Она накрыла его дергающуюся головку ладонью. И нежно-нежно погладила. В этом поглаживании было какое-то сожаление… И глубоко, глубоко вздохнула. Вся ее грудь была совершенно мокрой. Она взяла край простыни и стала аккуратно, осторожно и заботливо вытирать его, потом свою грудь и возбужденные учением-трением соски.
Они оба перевели дыхание. Она продолжала вытирать его и, делая эти поступательные, отирательные движения непреднамеренно, вдруг ощутила… Август не поверил, но он был возбужден опять. Так же сильно, как первый раз. Томиле понравился его юношеский темперамент. Он стеснялся, находясь в ее руках. Она отпустила его на свободу. И легла.

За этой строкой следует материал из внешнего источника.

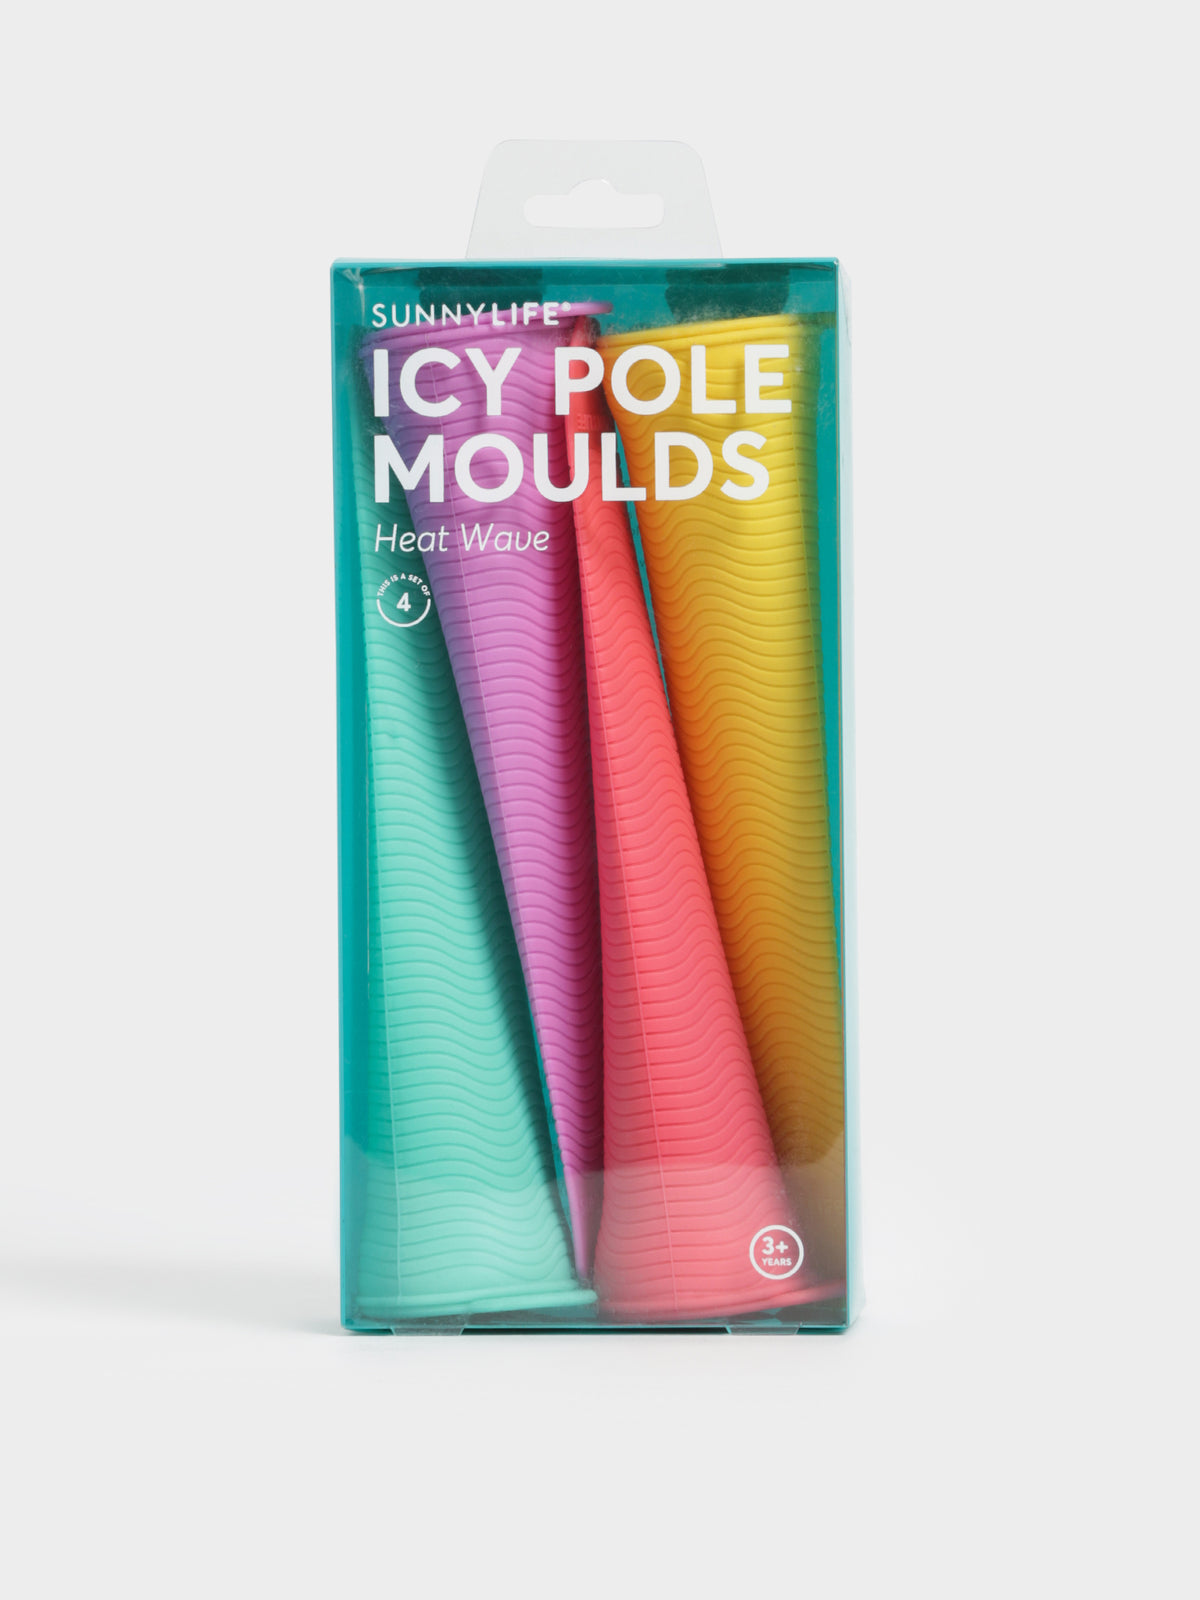 Icy Pole Moulds in Heat Wave

— И последнее, что я покажу тебе сегодня ночью… Что, наверно, в детстве вы делали друг другу… Это такая ласка. Только не удивляйся: я возьму твою прелесть в ротик и поцелую, а потом отпущу.
Она наклонилась быстро и, прежде чем Август успел что-либо понять или сообразить, стремительно и нежно взяла полностью его головку в свой рот. Втянула и сделала несколько движений. Он чуть не взревел от восторга различных чувств. Вовремя вспомнив, что это урок, и она — учительница.
Август был еще не обрезан и головка была самой чувствительной, нежной и возбуждаемой частью тела. Она неохотно выпустила ее на воздух.
— Я не могу, к сожалению, двигаться дальше, а то ты опять… станешь мокрым. Это сильно возбуждает. — Она подумала. — Это будет считаться неправильно, если я продолжу, и нехорошо. Так как здесь тебе учиться нечему… Ты должен получать удовольствие. Но я хочу, чтобы ты научил этому ее.
— Спасибо, — вымолвил Август.
Она улыбнулась в темноте.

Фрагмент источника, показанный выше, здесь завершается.